Mr. Doan has a zest for life and sport. As a player, he has become a consistent high-level performer, one who can score, hit and fight.

He is comfortable saying fighting is simply part of the game and that it doesn't clash with his Christian beliefs.

"God made me the way I am. He gave me intensity, passion and desire and for me to try and not have that is wrong," Mr. Doan recently told The Globe and Mail. "Life to me is to have fun and play hockey, be intense and when I'm on the ice to run people over."

Most hockey players do charity work and Mr. Doan does his share. He just doesn't talk about it.

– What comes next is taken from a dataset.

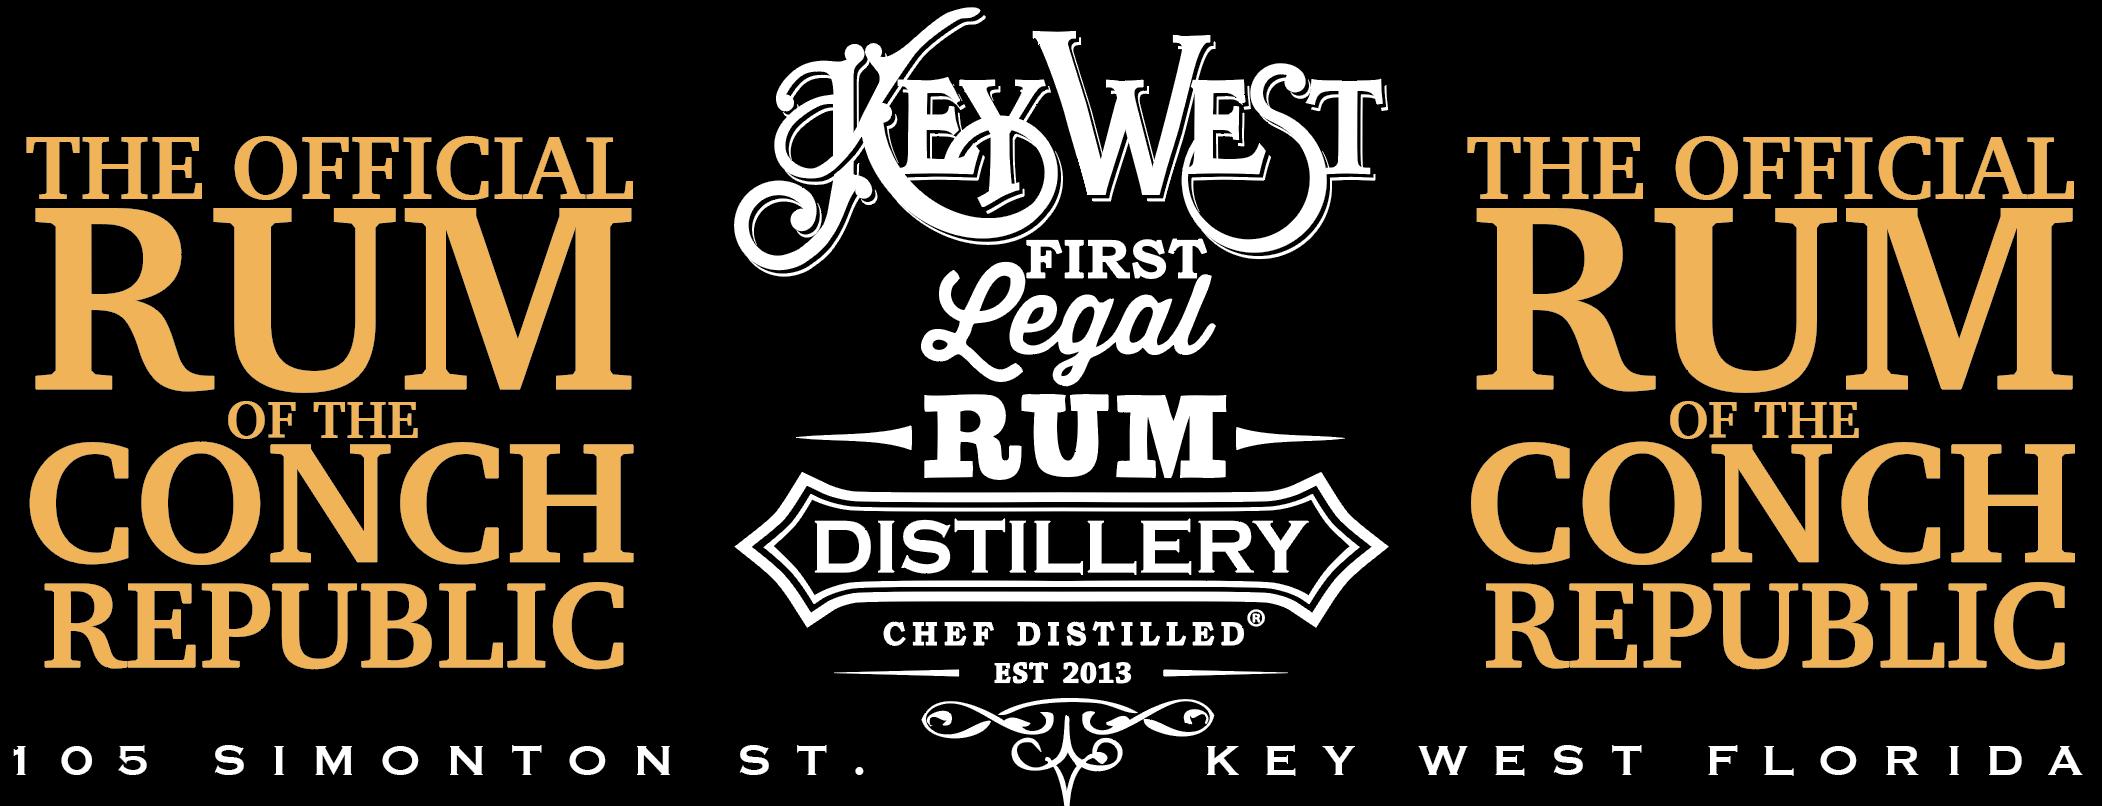 key west legal rum distillery paul menta kiteboarder.png
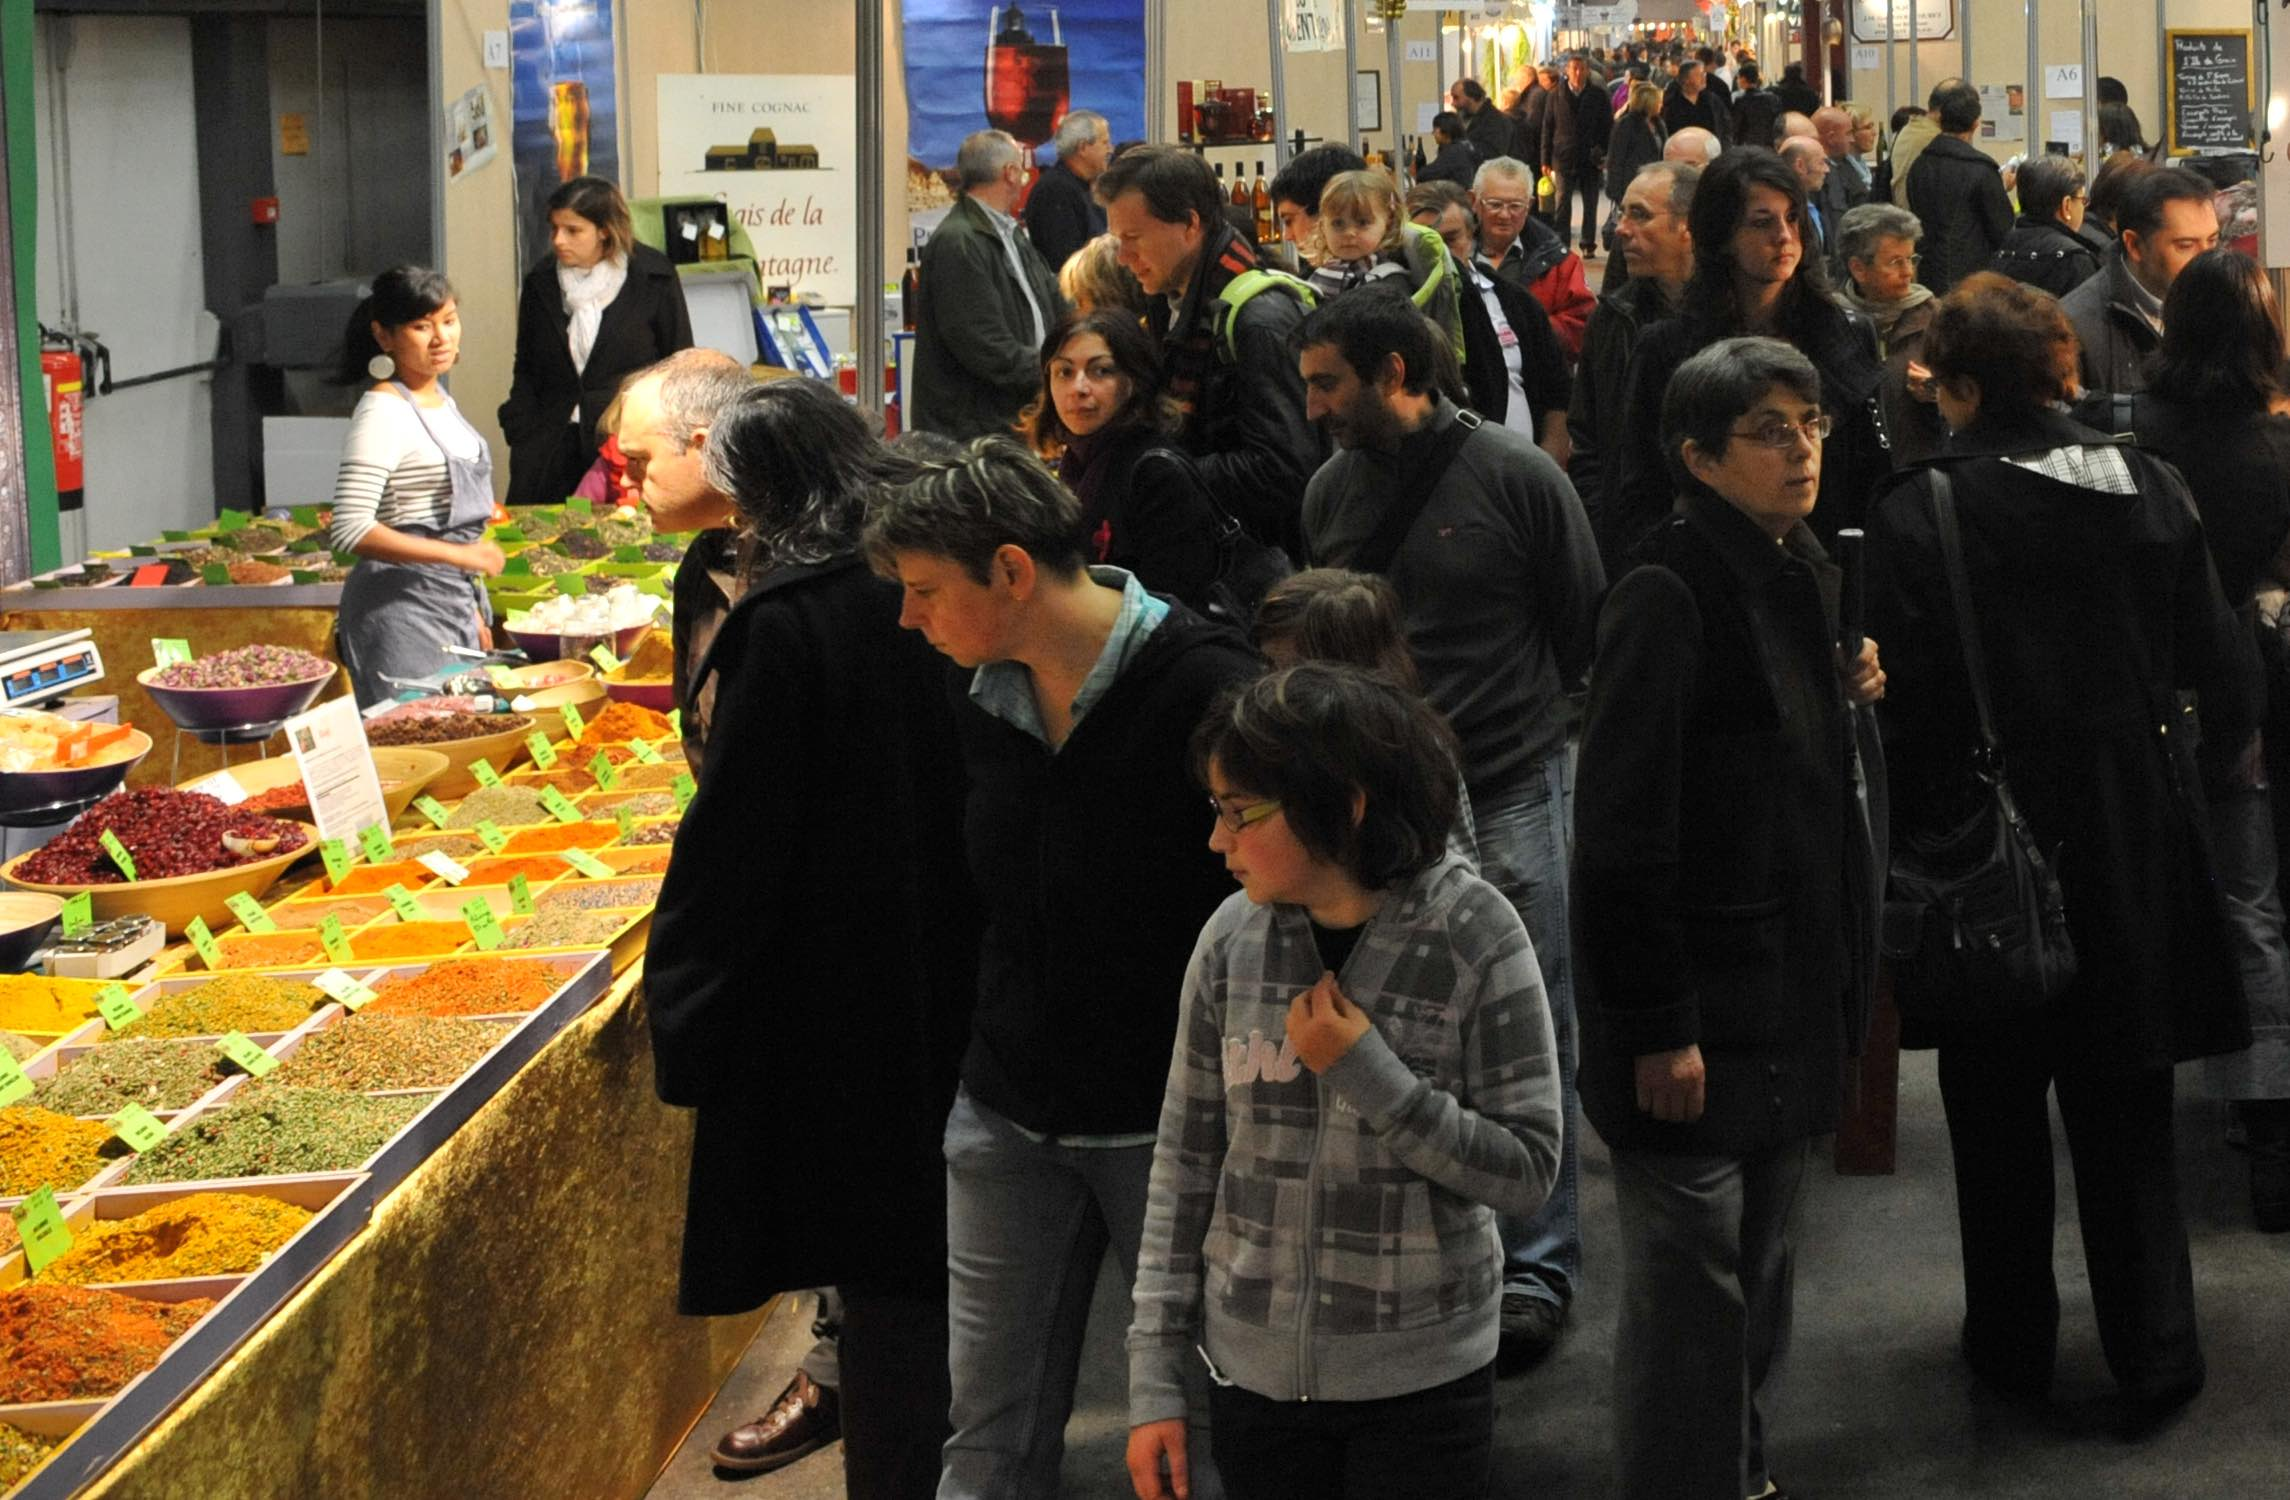 Salon des vins et de la gastronomie de chartres chartres for Salon des vins et de la gastronomie

During the last week of the 2006-07 NHL regular season, Mr. Doan arranged for more than 200 homeless children to come by bus to the Phoenix Coyotes practice rink and skate with him. He paid for everything - transportation, ice time, skate rentals and the pizza party that followed. Then he arranged for 600 kids and parents to attend a Coyotes game. He paid for the tickets and told the team's public relations staff not to say a word to the media.

"I've known Shane a long time," said Ottawa Senators forward Mike Fisher, who has played with and against him. "And [making a cultural slur]sounds like something completely out of character for him."

The supporters say what is in character is Mr. Doan offering to give up the captaincy to protect Hockey Canada and his teammates from any further abuse.

Hockey Canada denounced that option. It said the best man was already wearing the C on his jersey.